Филин хотел бы отдельную кухню, этакий кукольный деревянный домик, чистый
и пахнущий смолой, как у соседа по участку, и может в мечтах о таком
теремке, может прикидывая, что, как ни хороша дача, нельзя допустить, чтоб
незамужние дочери одевались плоше других; и еще от горечи за выросший
живот и от четкого понимания, что таким гладко причесанным, таким, как
человек напротив, которому вслед хихикая, посматривают яркоглазые дурочки
из десятков кабинетов, таким ему не стать никогда, словом, по всей
совокупности размышлений выходило, что упустить свое никак нельзя.
Звонком подбросило телефон. Филин развел руками: извини, мол, брат,
окончен разговор.
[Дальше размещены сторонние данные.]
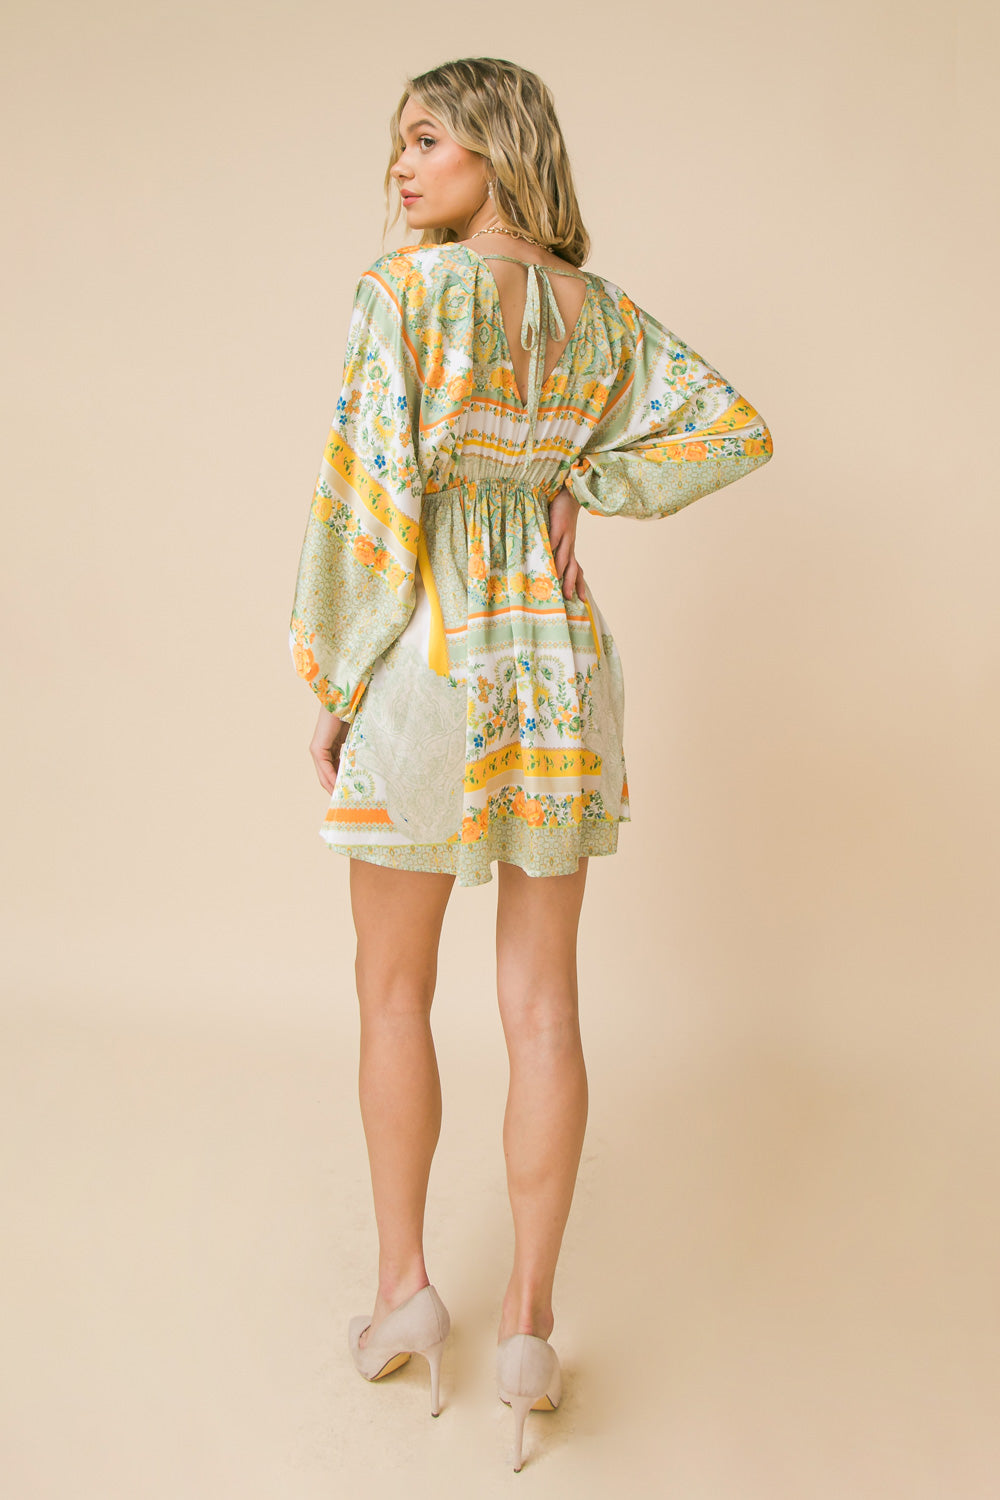 ALL THE TRENDS WOVEN MINI DRESS

Шпындро, досадуя, поднялся, прервали, черт, на самом
важном, не удалось разузнать, куда ветер дует, может Воронов вернулся?
Неудачно получилось.
Шпындро вытек из кабинета, секретарь впилась в непроницаемое лицо и в
зрачках ее разыгралась буря; за годы сидения в предбаннике опытная
царедворка научилась отличать сотрудников, которым сделано самое
захватывающее предложение из тех, что выпадало на их службе, от всех
прочих. Встречала секретарь его одним взглядом, провожала совсем иным и
Шпындро порадовался: сидит здесь годами, чует добычу, как натасканный пес,
заранее, а может знает что? Он кивнул на всякий случай - крошечный, а все
же союзник - и выскользнул в коридор с тяжелым чувством незавершенности,
будто повис в воздухе и сразу принялся песочить себя: зря ушел, не
договорив до конца.
На следующий день Филин налетит на Игоря Ивановича в коридоре,
поздоровается бегло, едва узнавая, будто и не состоялся вчерашний
разговор, но эта встреча еще должна случиться, а сегодня вечером Шпындро
мчался на стрелку - так обзывал передачу товара Мордасов - к Колодцу.
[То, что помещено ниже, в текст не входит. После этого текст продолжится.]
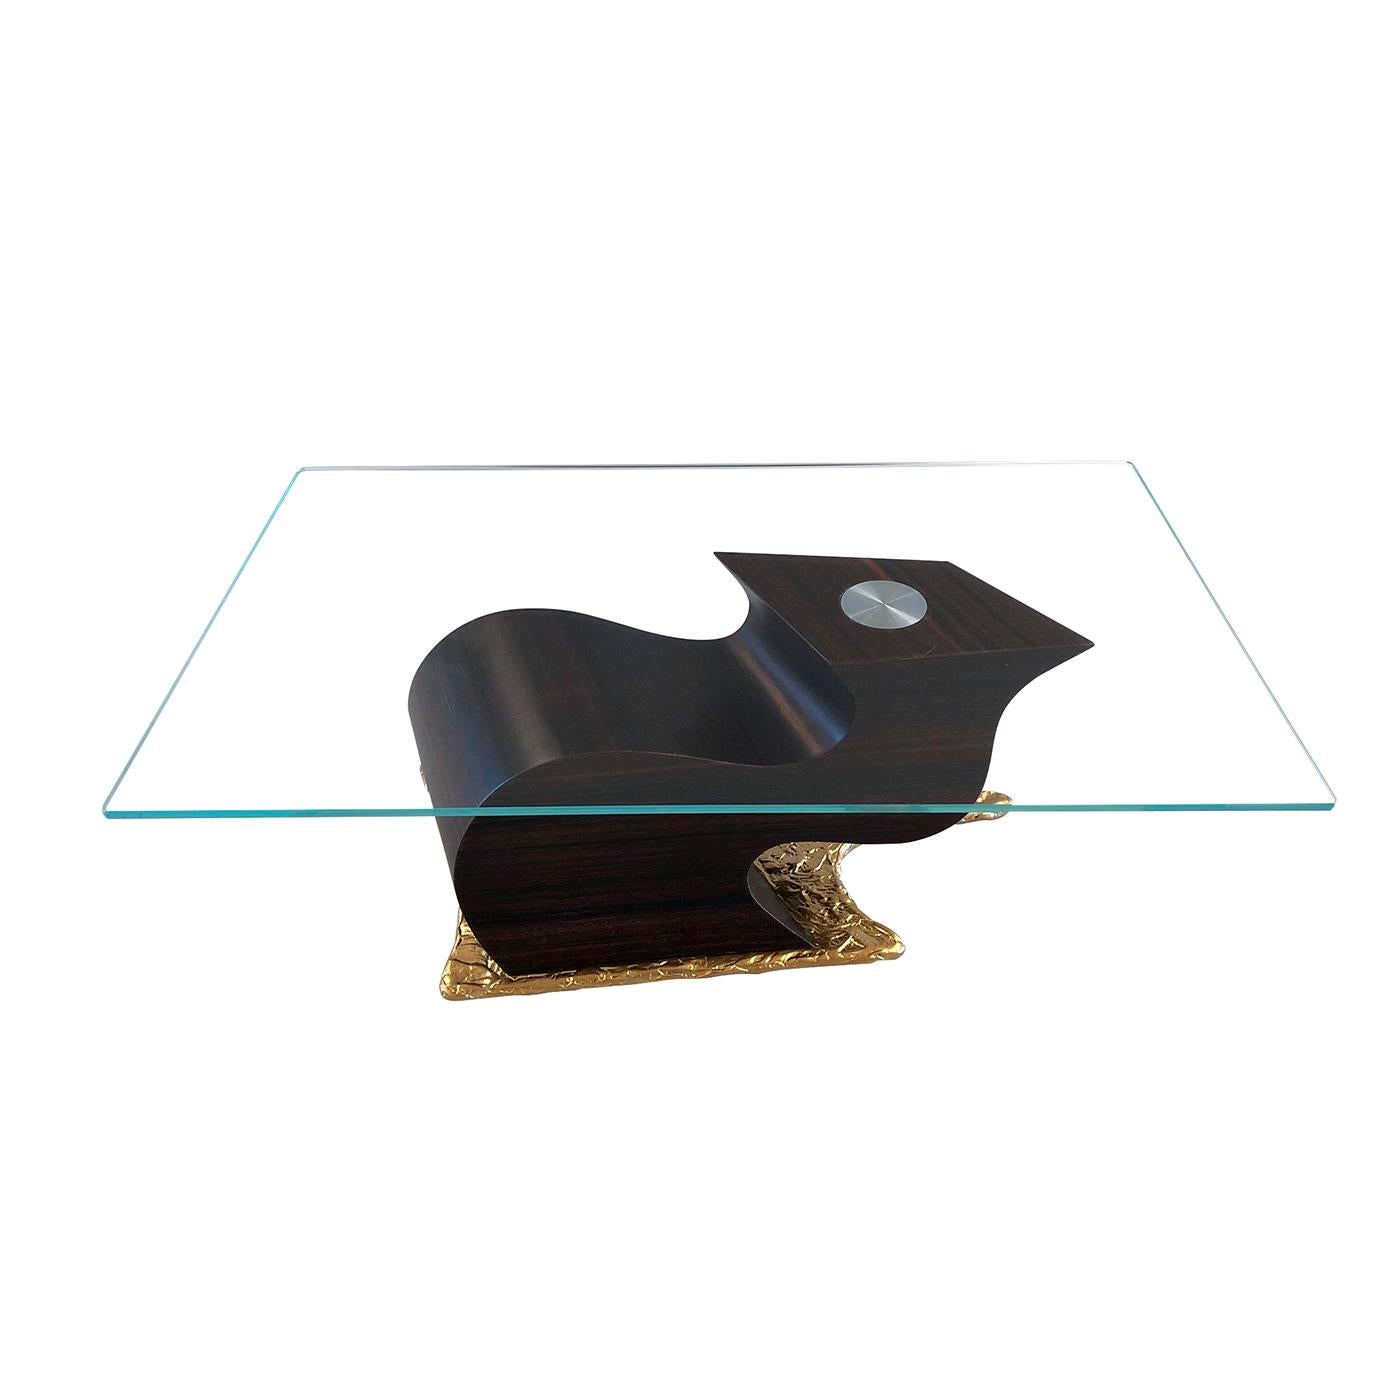 A daring combination of materials and finishes characterizes this dining table brimming with exceptional sculptural charm. The extra-clear tempered glass tops rest on a sinuous structure veneered in prized ebony, which in turn lays on a shaped,

За час до конца работы позвонила мать; жила одна в коммуналке и редко
встречалась с сыном; внук уже вырос, здоровье поубавилось и Наталья -
черствый все же человек - не раз шипела: не с руки мне с твоей мамулей
возжаться, она свое пожила, пусть другим даст. Шпындро терпел, вообще
побаивался жены, в ее руках имелся сильный козырь - угроза разводом, а
тогда смысл жизни, заключающийся в выездах, терялся, тускнел; без выезда
Шпындро обращался в наизауряднейшего типа, ничем не наделенного, с которым
ни дружить, ни любиться, ни даже поболтать в поезде никто не возжелает.
Твоя мать... начинала Наталья и недобро умолкла, в горестном вздохе
ее многое таилось: и брошь мужниной матери, фамильная, с подвеской
бриллиантовой и три камеи слоновой кости, которые отошли сестре Шпындро и
даже страусовые перья из торгсина тридцатых годов на антресолях, вроде
совершенно ненужные по нынешним временам атрибуты, и те служили причиной
глухой неприязни супруги к матери мужа.
Твоя мать... однажды привычно начала Наталья. Шпындро поднялся и
припоминая давнюю решимость школьных еще годов, когда он вместе с
мальчишками, боясь прослыть трусом, сиганул с высокого сарая, подвернув
ногу, рубанул - сука! Редко выпадало ему зреть растерянную Наталью! Кто?
Ты! ты!
Он вошел в раж, смелость захлестнула, опьянел от непозволительной
выходки, поднялся - пошатывало от головокружительного гнева - и, уходя на
кухню, еще раз смачно выкрикнул короткое резкое слово.
Наталья выждала время, зная, что пыл мужа угасает быстро, оттягивала
момент объяснения умело, в свою пользу, а когда от гневного пара не
осталось и следа, веско, выговаривая слоги, будто вбивая гвозди, подвела
черту: "О маменьке своей мне больше не напоминай!"
Сейчас звонок матери оказался как никогда некстати, сын понял, что ей
плохо, четыре дня подряд и уж если решилась позвонить отпрыску на работу,
дело дрянь, нет лекарств, скорее всего и есть нечего. Отменить визит к
Мордасову невозможно, не зря же притащил товар с собой, снова забрасывать
его домой? и примета дурная, и опять же время, непредусмотренное
понадобится выкраивать, а теперь после слов Филина времени ох как станет
не хватать. Шпындро молчал, соображая, и мама пришла на помощь: "Тут
соседка вернулась с работы пораньше, так что, Игорек, все образовалось.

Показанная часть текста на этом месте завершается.